There are two kinds of people. First, people who live and are concerned only about themselves. These are the majority. The second kind who are in minority; people who despite natural self-care instinct, live for others and accordingly make sacrifices in order to help people in need. Anyone who has an understanding that happiness is in helping others and making them happy is blessed and such an individual is an accomplished high-value human being.

We talk of everyday Christianity, of 24/7 Christianity, and when somebody comes and knocks our door, he/she is not only that person, in reality, he/she is Jesus, we meet Jesus in suffering and needy people, that where Jesus is. But that is not the whole story. By helping others we become Jesus’ instrument, we become Jesus to people in need. In order for that to happen, we have to allow that by our free will, we voluntarily make a commitment of helping others despite how difficult that could be.

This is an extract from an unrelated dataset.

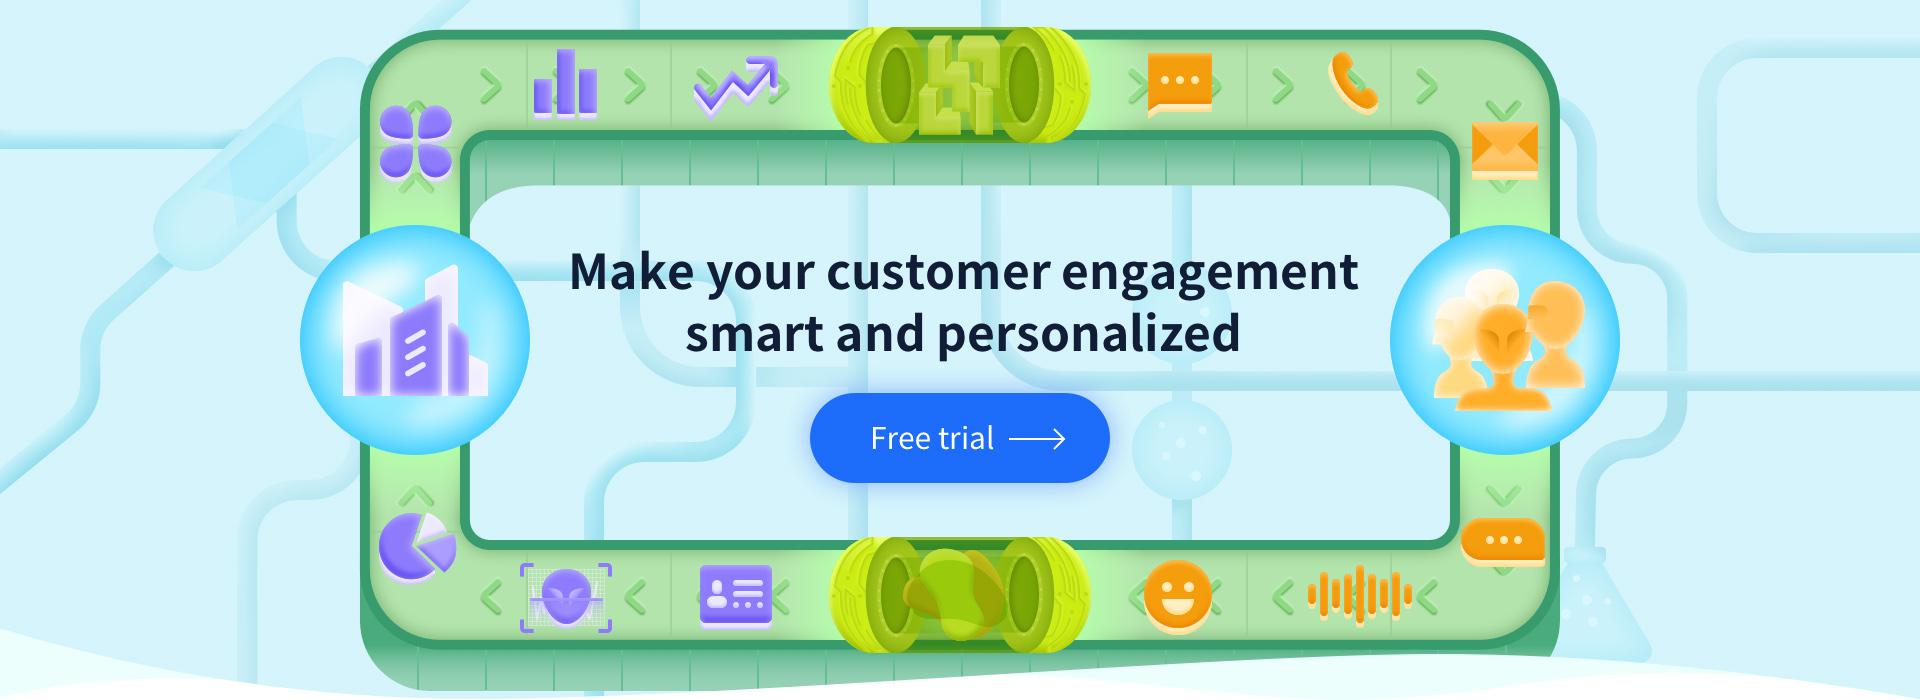 AI customer engagemen

God is Love, unconditional Love. The Kingdom of God is to live in God’s Love, in an environment of eternal tranquility. If we can create moments of similar Love by our sacrifices for others while we are still living in the world, that’s how we cleanse ourselves and become higher value individuals. That’s how we can taste real happiness and most importantly that’s how we can accomplish Jesus’ words of the Kingdom of God being in our midst.

 

Fr. Bedros Shetilian was born in Aleppo, Syria, in 1963. After high school, he moved to Armenia and then to Russia to pursue a musical education and graduated from St. Petersburg Conservatory with a master’s degree in symphony conducting. Between 1992 and 2003 he successfully worked as a conductor, with concerts in Russia, Armenia, and Europe. Fr. Shetilian attended the Catholic College in St. Petersburg and the Seminary of the Catholicosate of Cilicia in Lebanon. He was ordained as a married priest in 2003. Afterward, he was assigned to serve in the US. Since 2005, he has been the priest in residence at St. Gregory the Illuminator Armenian Apostolic (Orthodox) Church in Springfield, Massachusetts. Fr. Shetilian continues to combine both his callings as a clergyman and a musician.